[SOURCE MATERIAL]
■ ■ ■
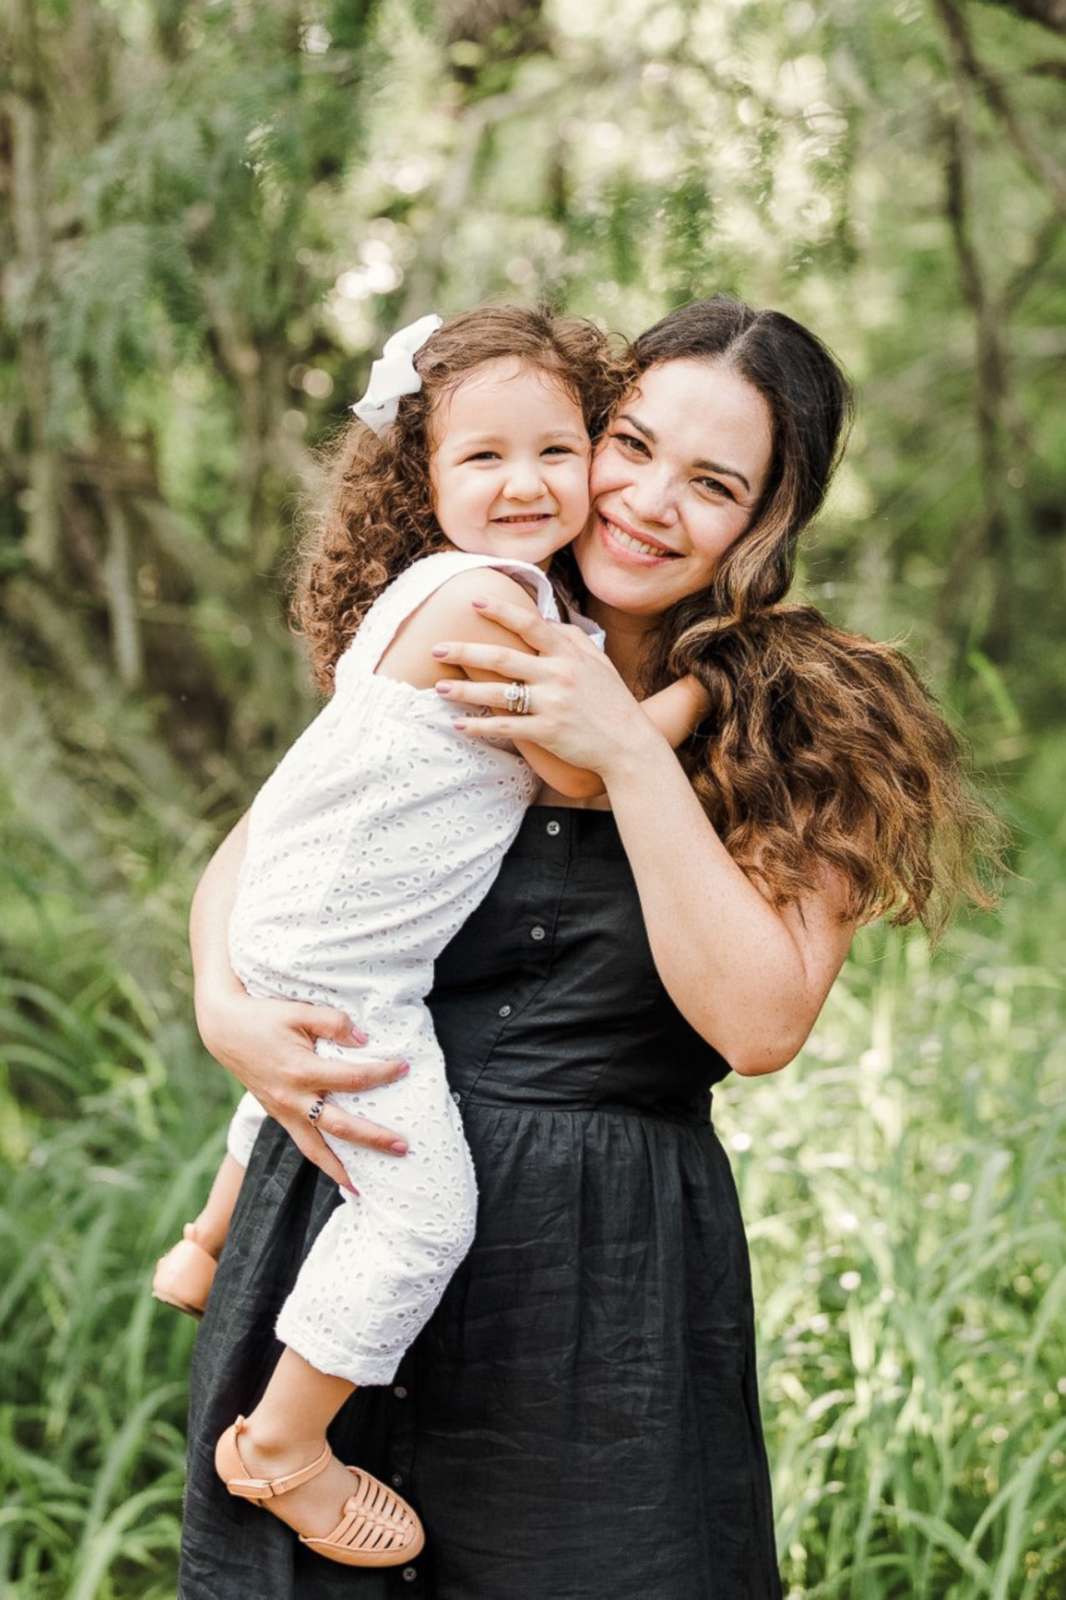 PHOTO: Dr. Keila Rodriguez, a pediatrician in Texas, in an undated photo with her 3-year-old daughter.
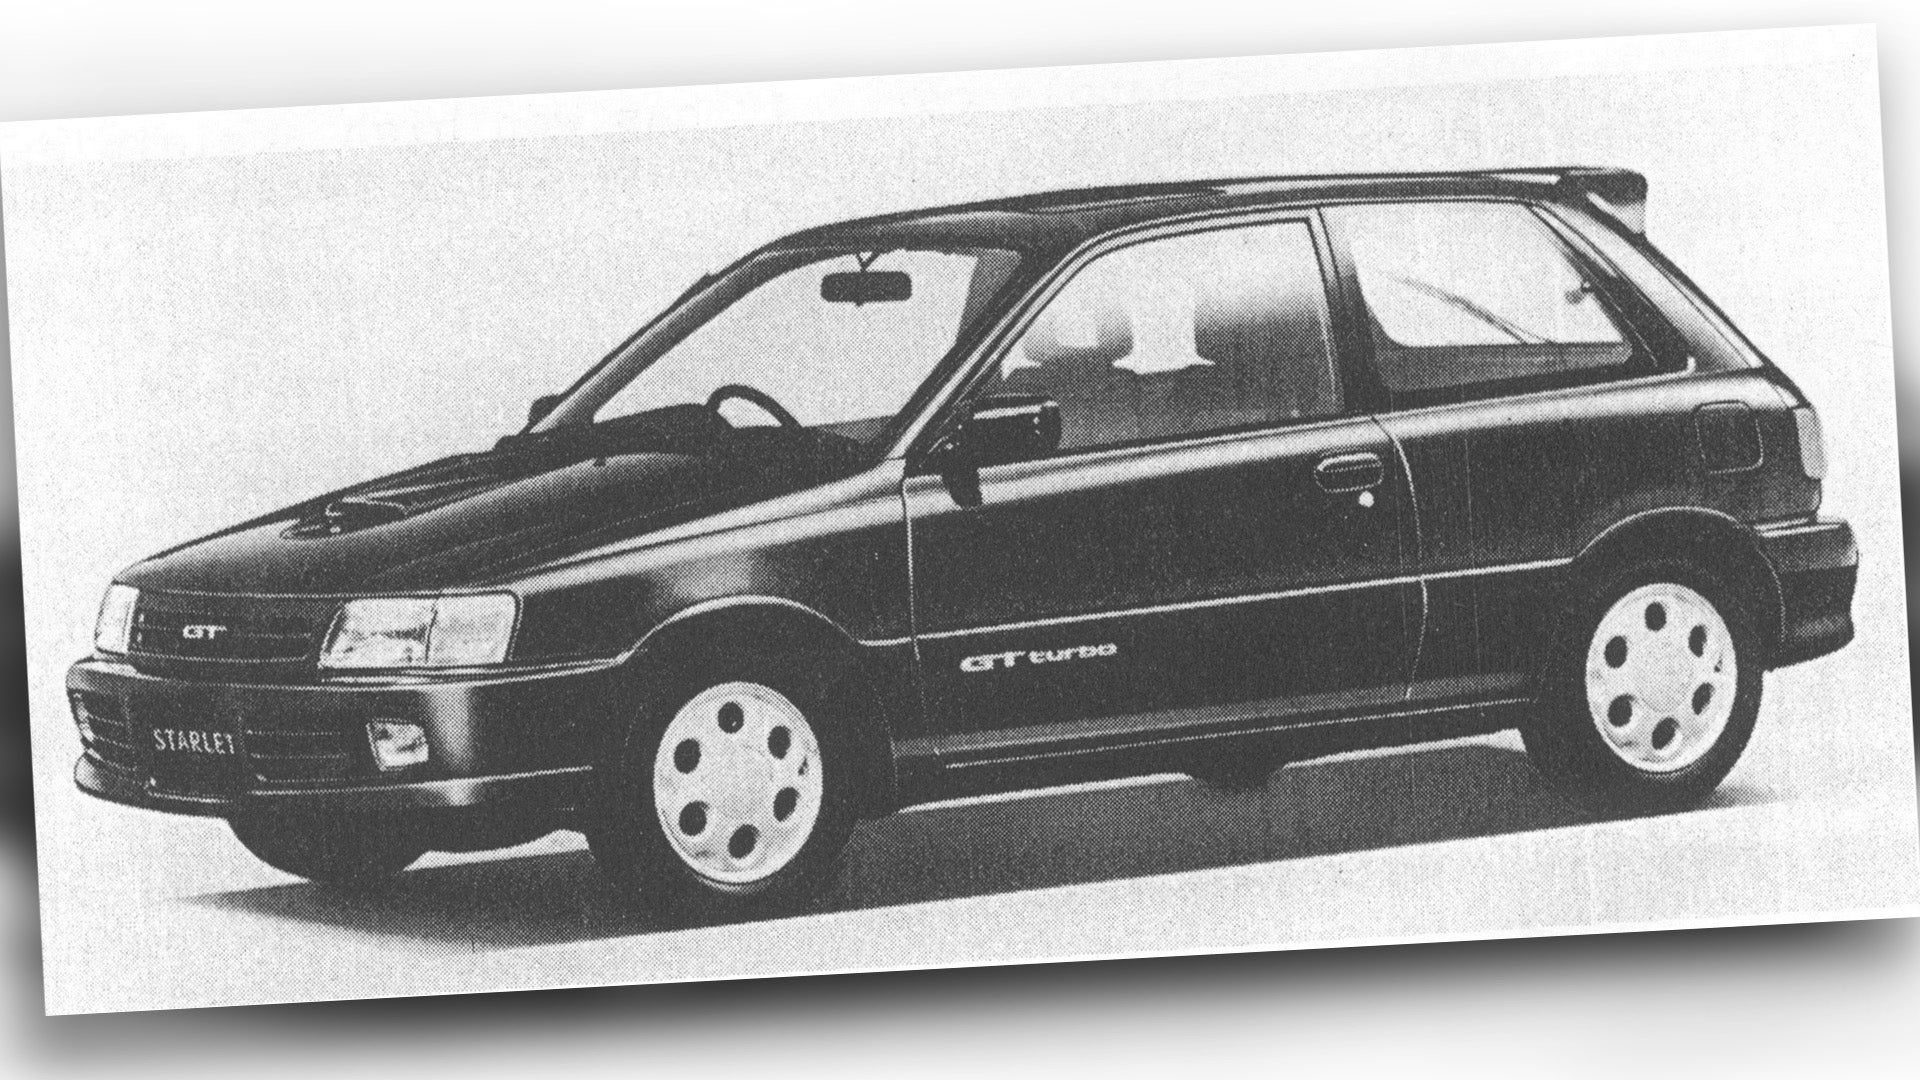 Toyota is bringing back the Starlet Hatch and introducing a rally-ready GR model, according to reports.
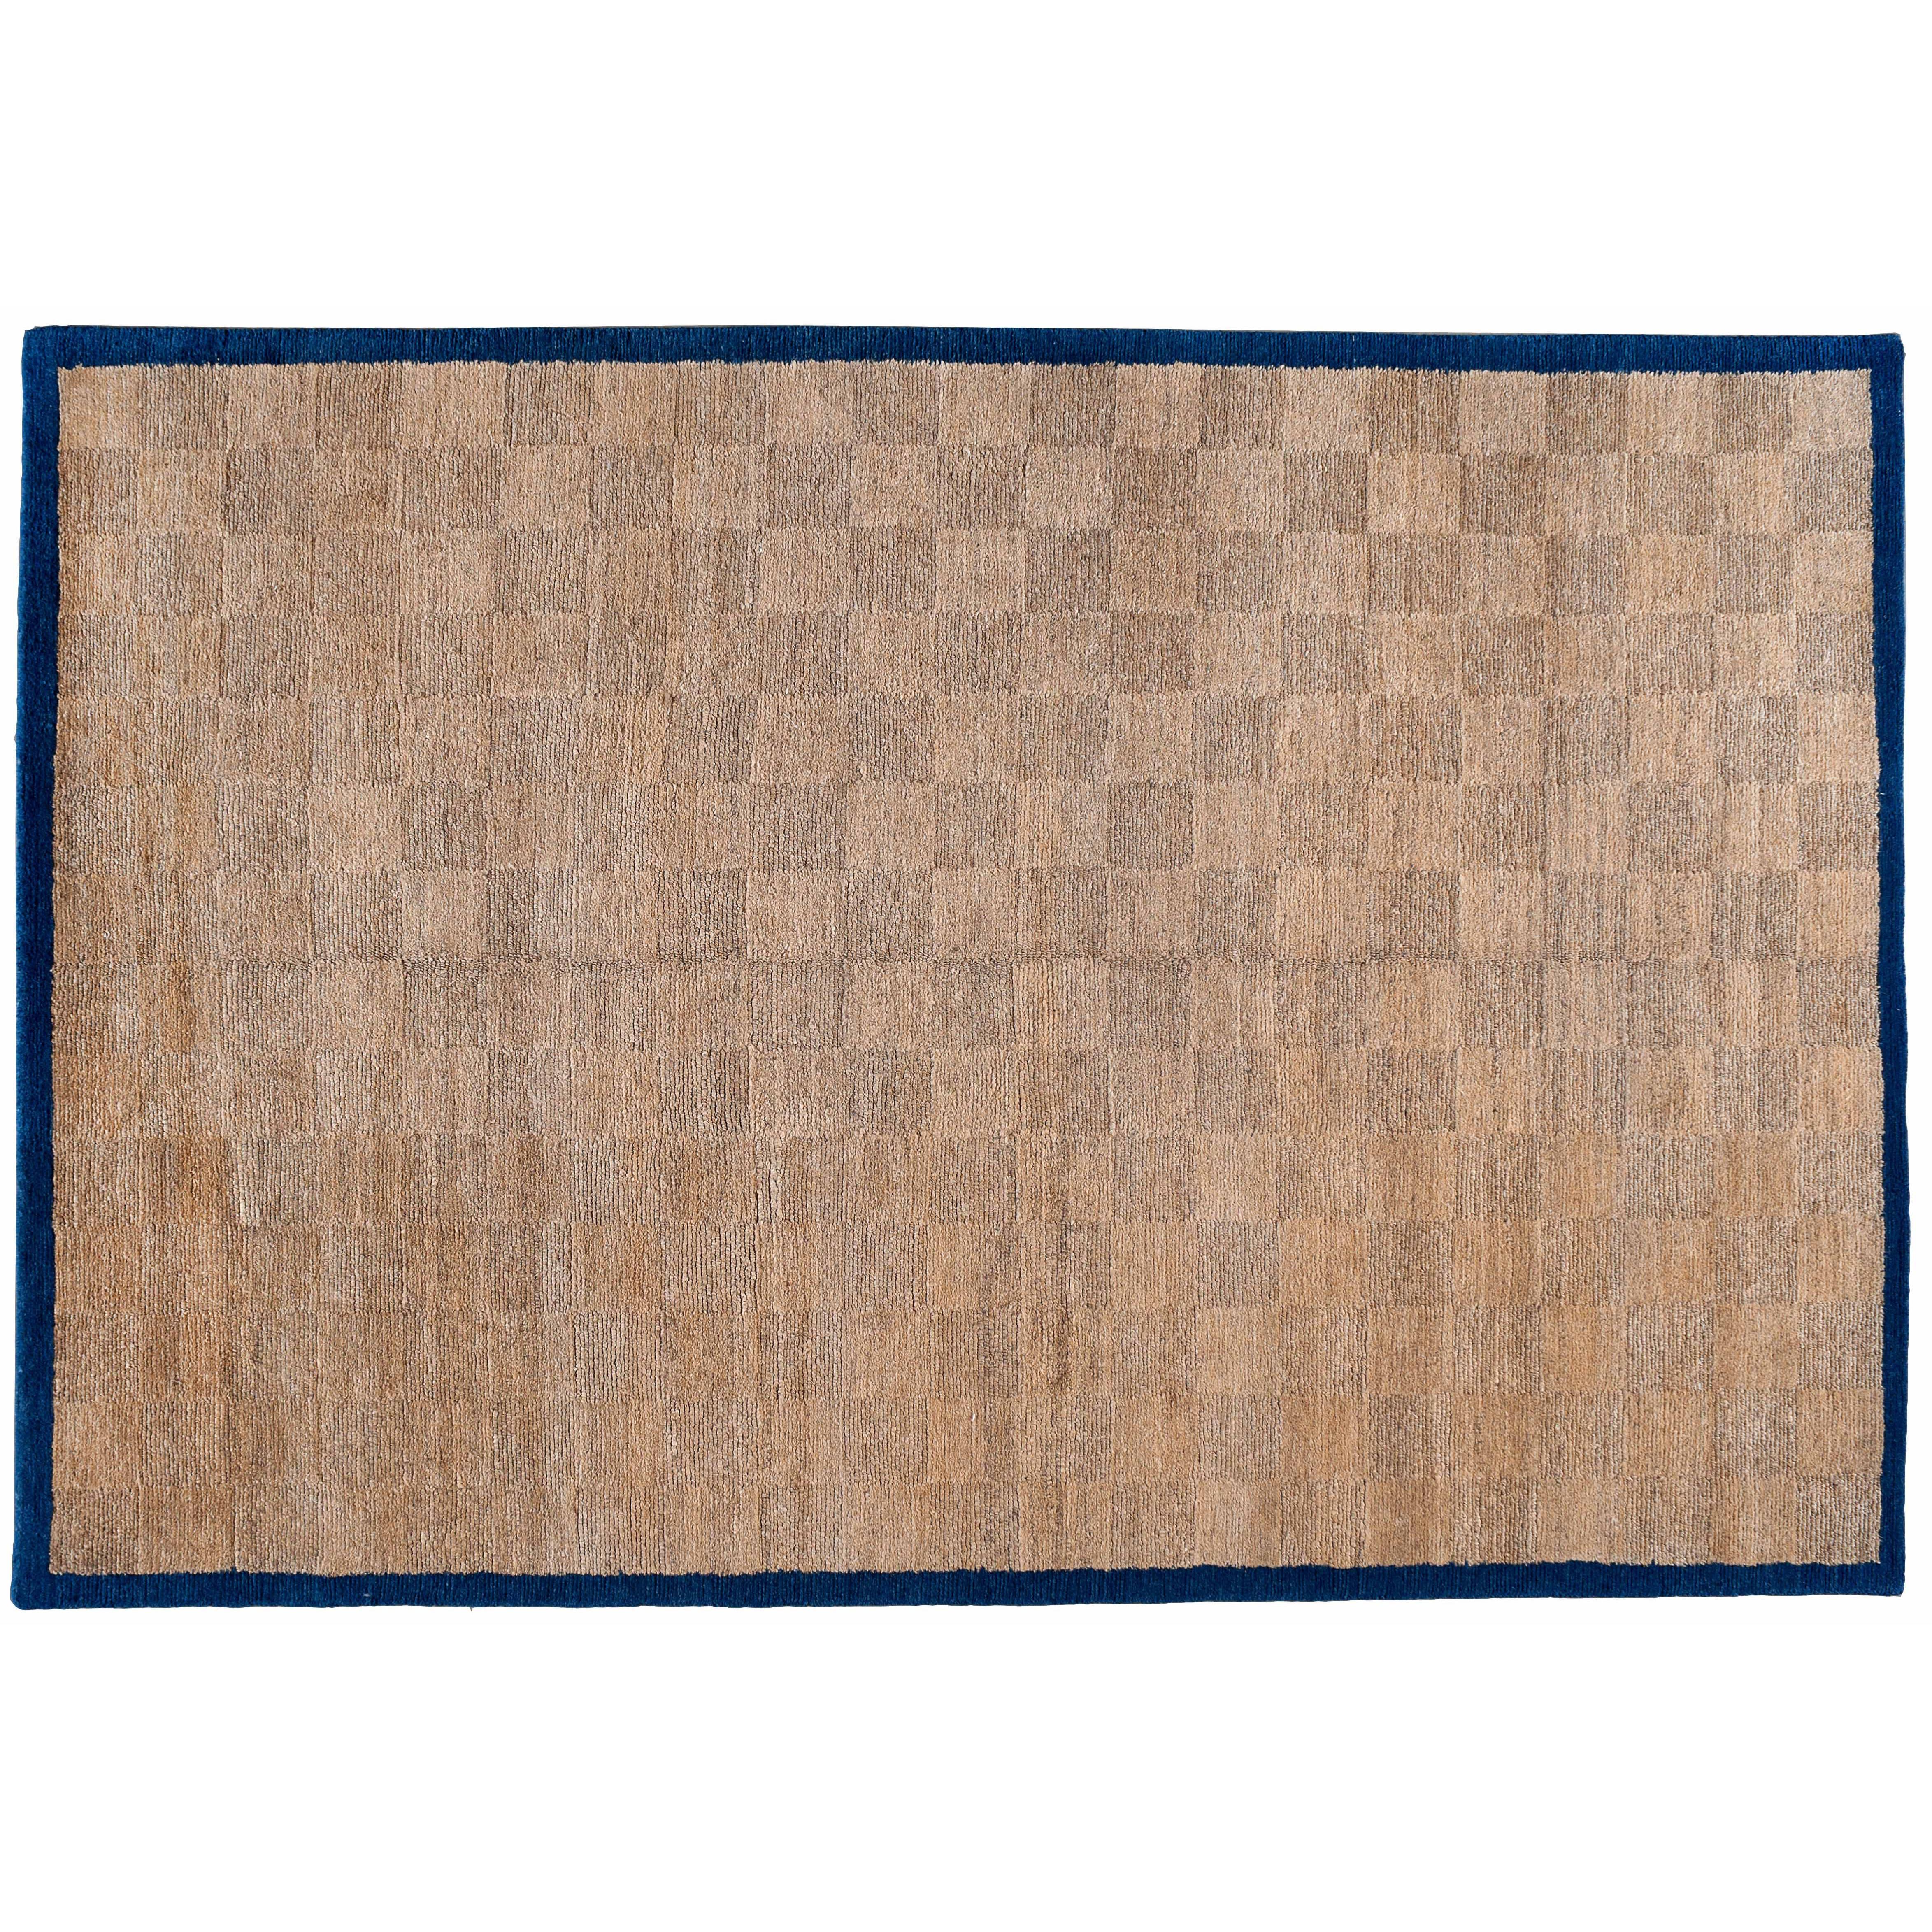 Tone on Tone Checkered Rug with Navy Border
■ ■ ■
Verbatim output, no pictures: the line holding "Toyota is bringing" and all lines after it through the last line of the material, with nothing else.

 Toyota is bringing back the Starlet Hatch and introducing a rally-ready GR model, according to reports.
 Tone on Tone Checkered Rug with Navy Border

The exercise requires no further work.